I'm writing some spider in python and use lxml library for parsing html and gevent library for async. I found that after sometime of work lxml parser starts eats memory up to 8GB(all server memory). But i have only 100 async threads each of them parse document max to 300kb.
i'v tested and get that problem starts in lxml.html.fromstring, but i can't reproduce this problem.
The problem in this line of code:
HTML = lxml.html.fromstring(htmltext)
Maybe someone know what it can be, or hoe to fix this?
Thanks for help.
P.S.
Linux Debian-50-lenny-64-LAMP 2.6.26-2-amd64 #1 SMP Tue Jan 25 05:59:43 UTC 2011 x86_64 GNU/Linux
Python : (2, 6, 6, 'final', 0)
lxml.etree : (2, 3, 0, 0)
libxml used : (2, 7, 8)
libxml compiled : (2, 7, 8)
libxslt used : (1, 1, 26)
libxslt compiled : (1, 1, 26)
UP:
i set ulimit -Sv 500000 and uliit -Sm 615000 for processes that use lxml parser.
And now in with some time they start writing in error log:
"Exception MemoryError: MemoryError() in 'lxml.etree._BaseErrorLog._receive' ignored".
And i can't catch this exception so it writes recursively in log this message untile there is free space on disk.
How can i catch this exception to kill process so daemon can create new one??
It seems the issue stems from the library lxml relies on: libxml2 which is written in C language. Here is the first report: http://codespeak.net/pipermail/lxml-dev/2010-December/005784.html This bug hasn't been mentioned either in lxml v2.3 bug fix logs or in libxml2 change logs.
Oh, there is followup mails here: https://bugs.launchpad.net/lxml/+bug/728924
Well, I tried to reproduce the issue, but get nothing abnormal. Guys who can reproduce it may help to clarify the problem.
There is an excellent article at http://www.lshift.net/blog/2008/11/14/tracing-python-memory-leaks which demonstrates graphical debugging of memory structures; this might help you figure out what's not being released and why.

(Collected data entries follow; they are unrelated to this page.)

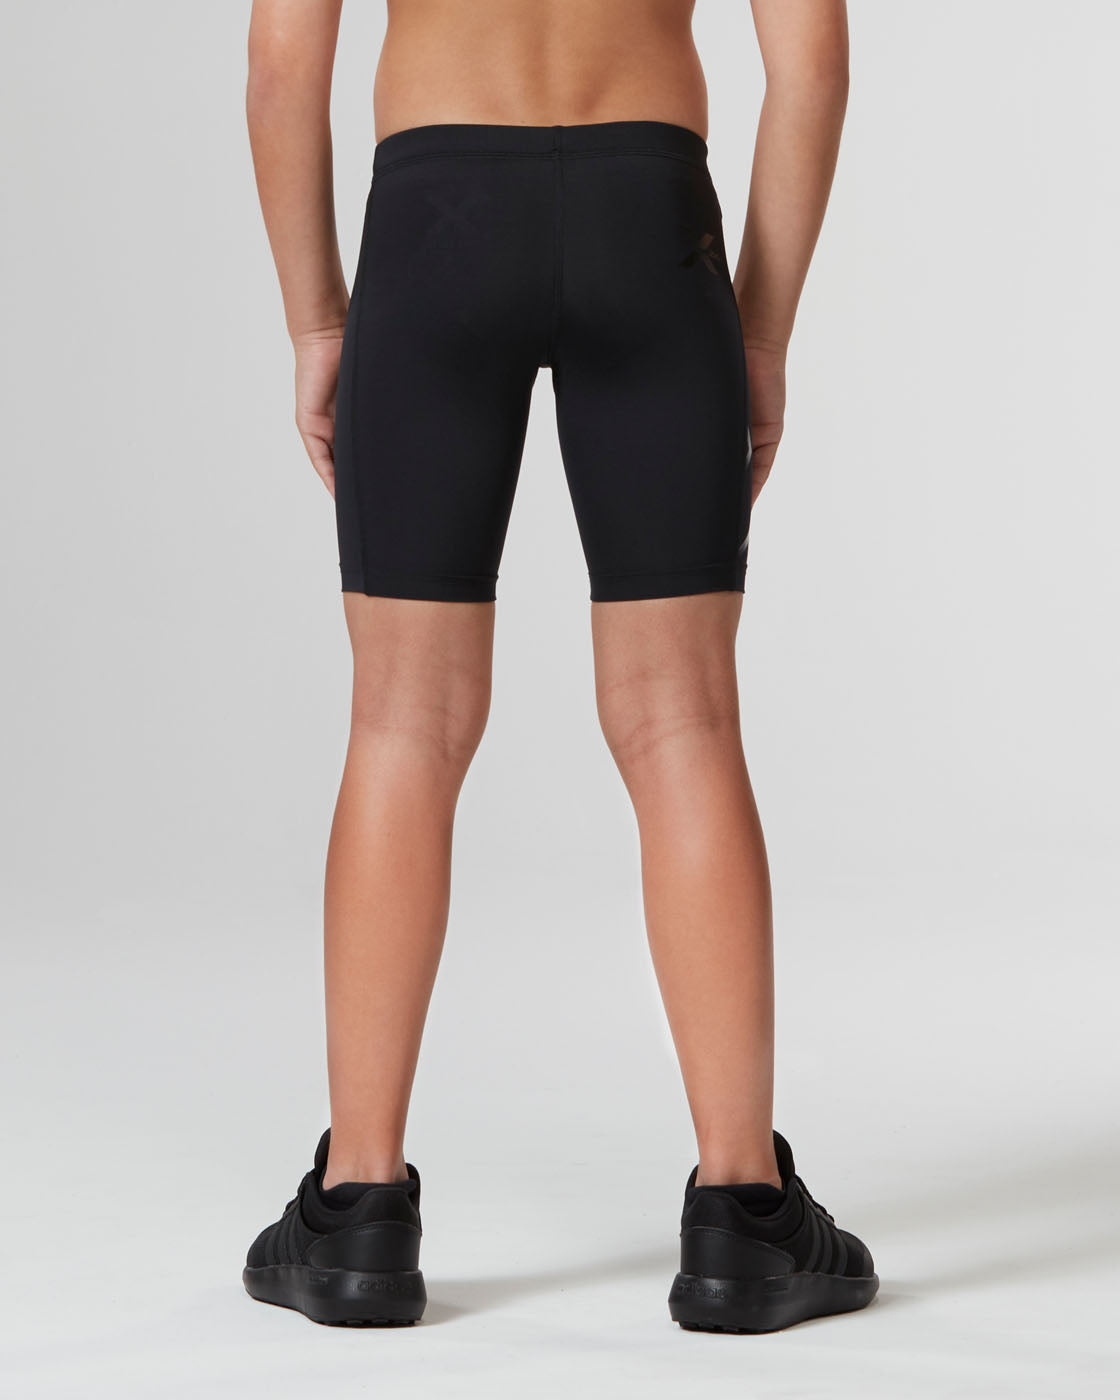 Core Boys Compression Shorts, Black/Nero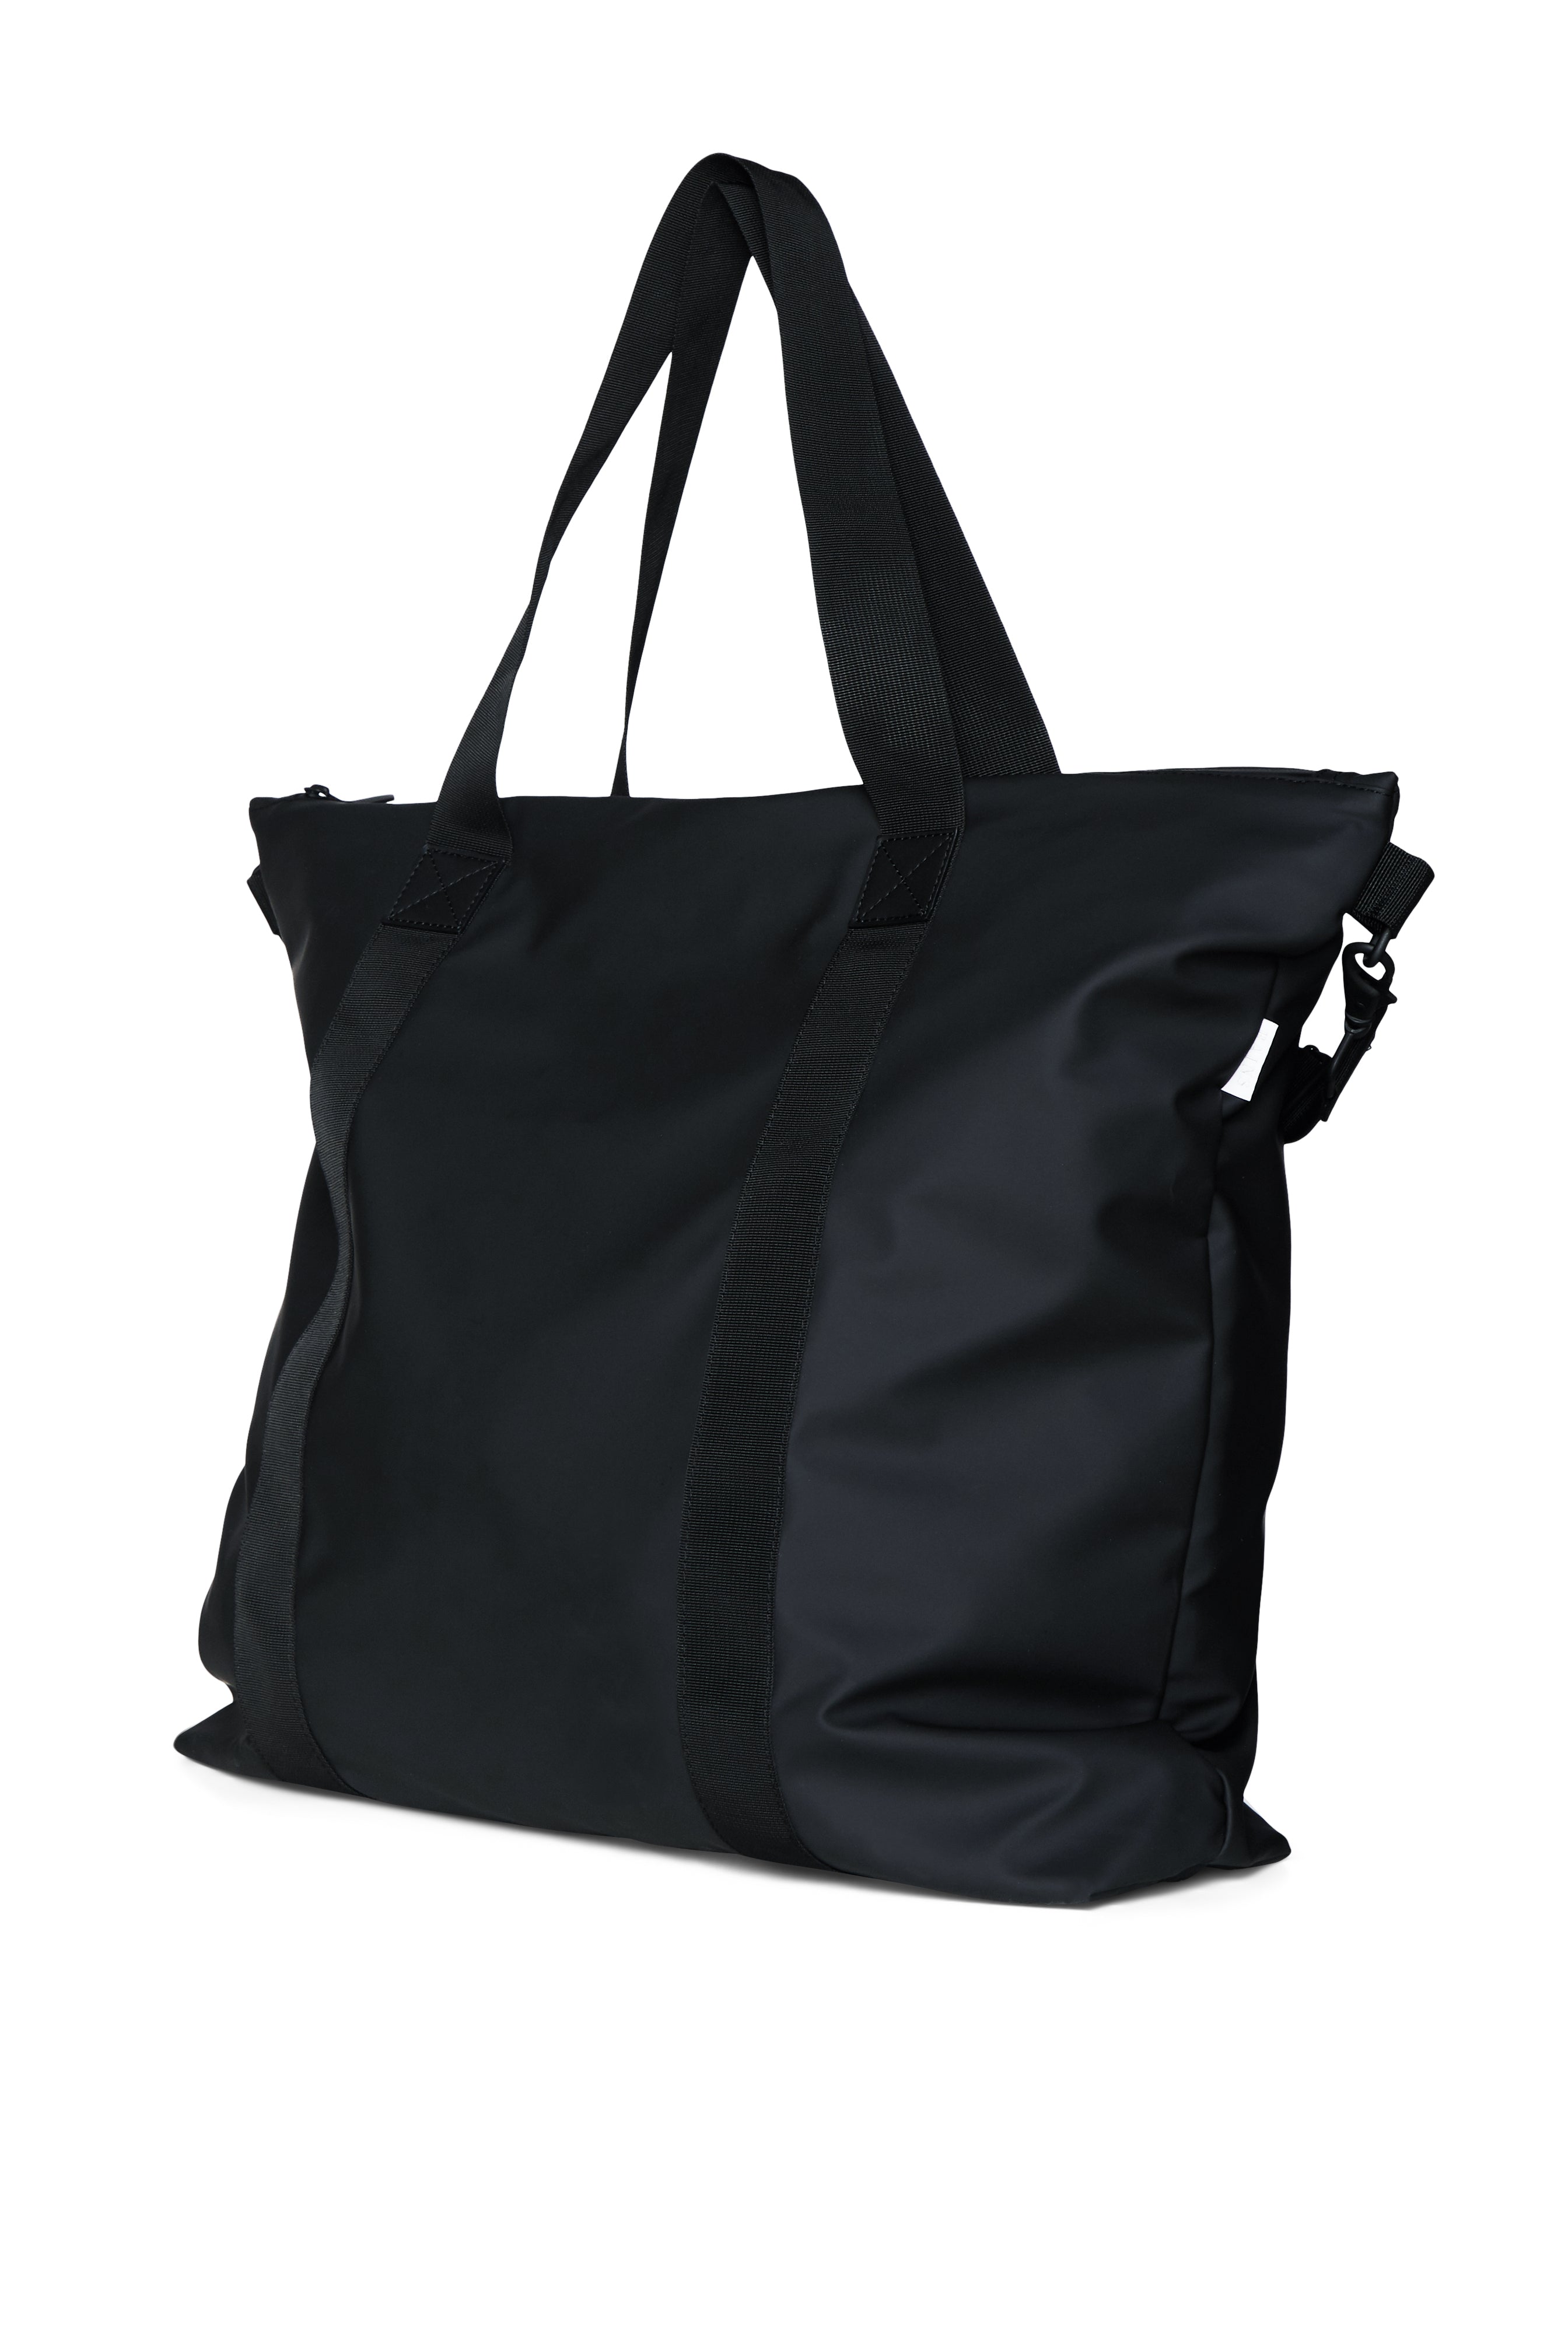 Tote Bag II - Black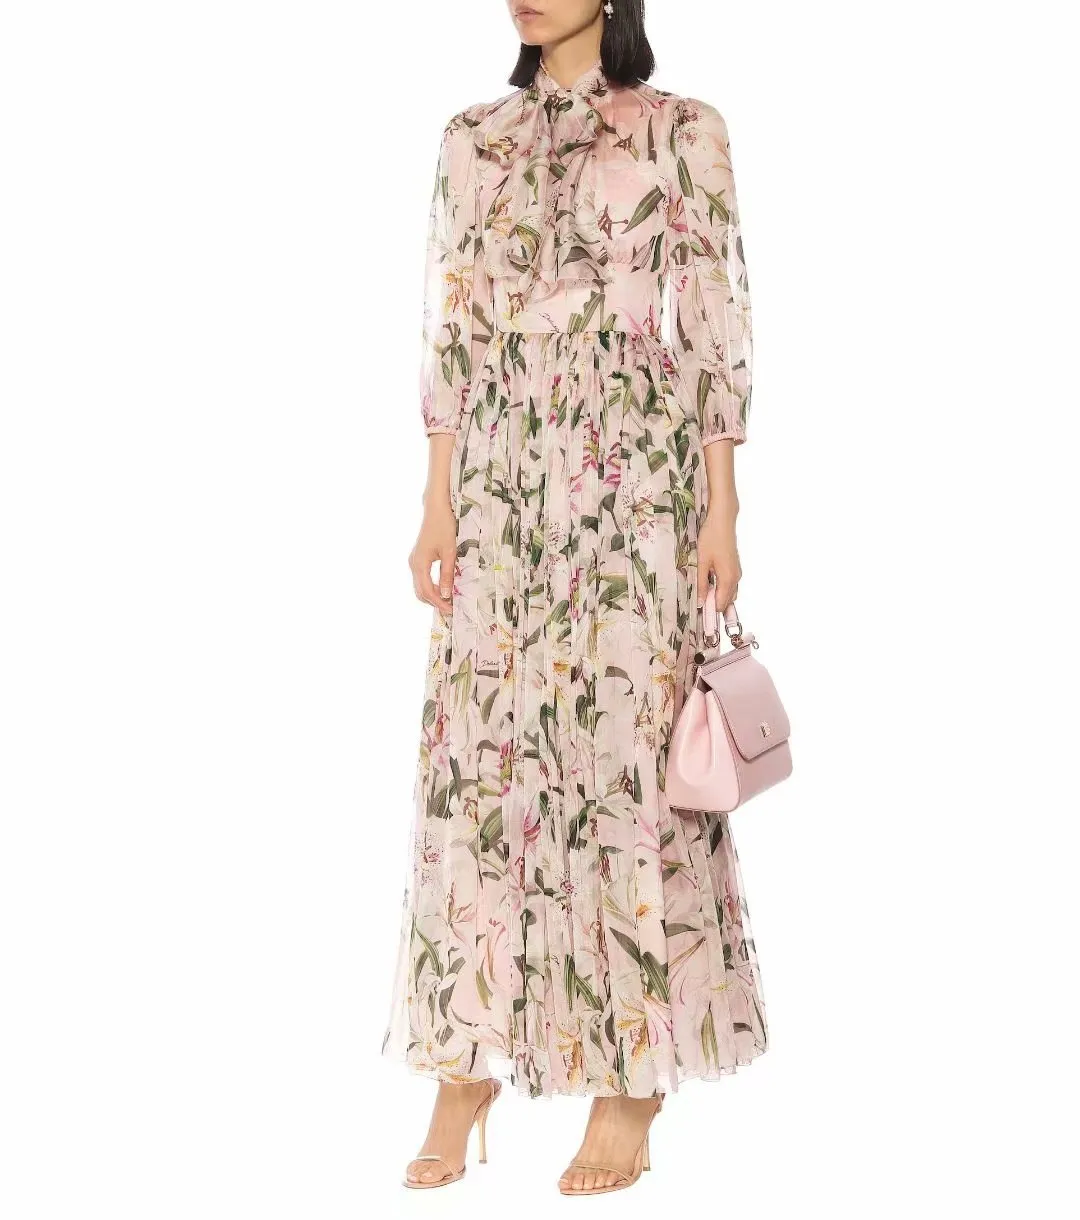 2019 Hösten Runway Klänning Märke Samma Style Dress Flora Print Långärmad Mid Calf Luxury Prom Fashion Women's Clothes As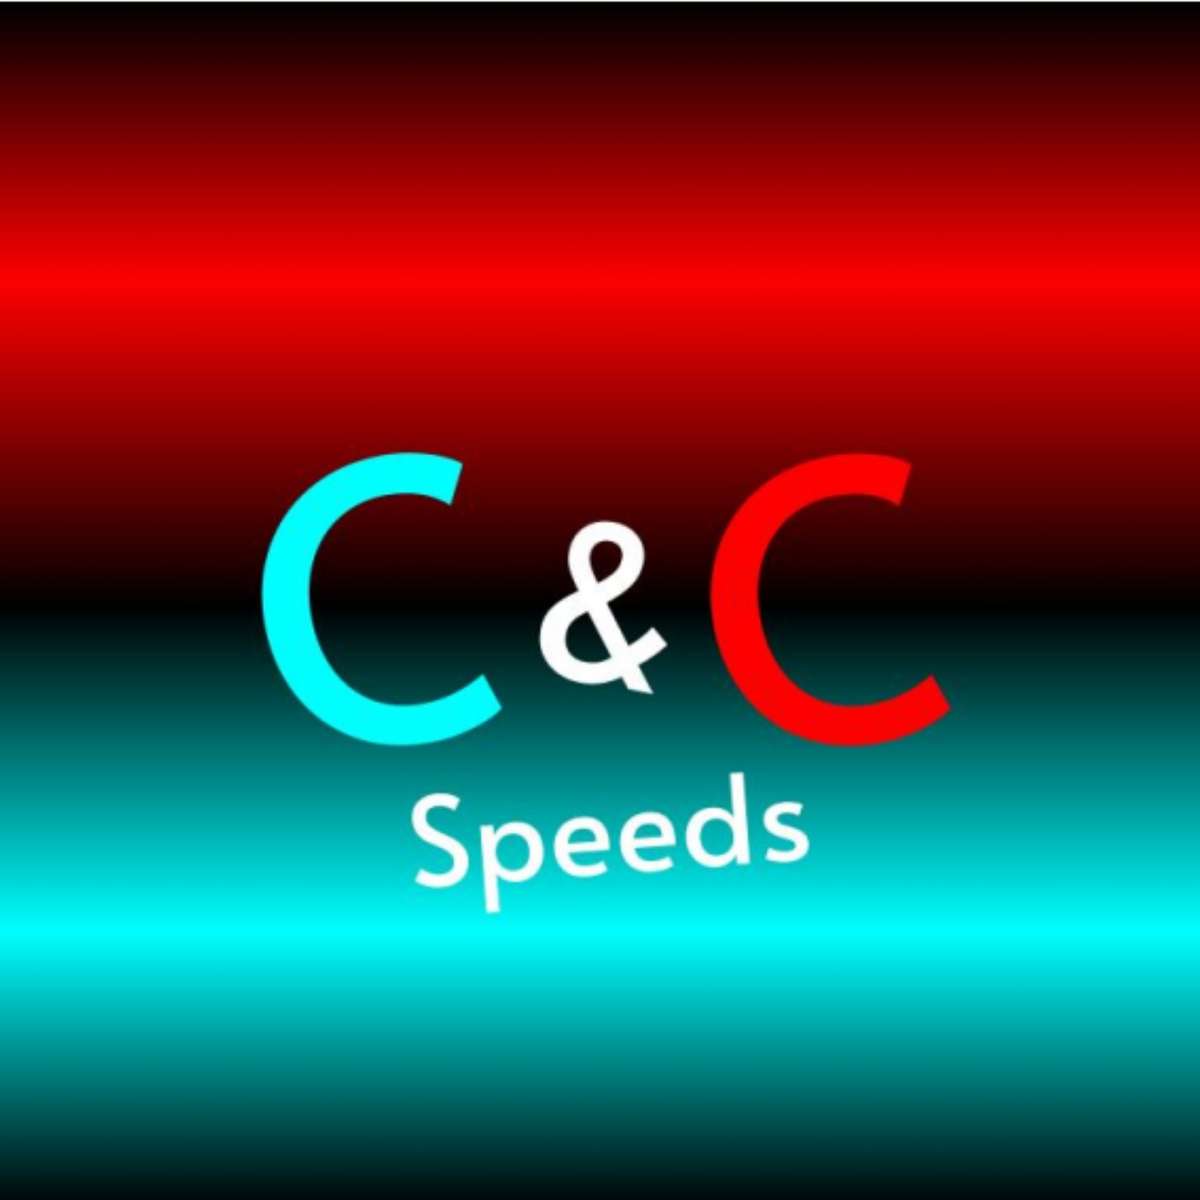 C&C 速度 オンラインパズル

Edit: I found the article from which I got that link - Python memory leaks
You might be keeping some references which keep the documents alive. Be careful with string results from xpath evaluation for example: by default they are "smart" strings, which provide access to the containing element, thus keeping the tree in memory if you keep a reference to them. See the docs on xpath return values:
(I have no idea if this is the problem in your case, but it's a candidate. I've been bitten by this myself once ;-))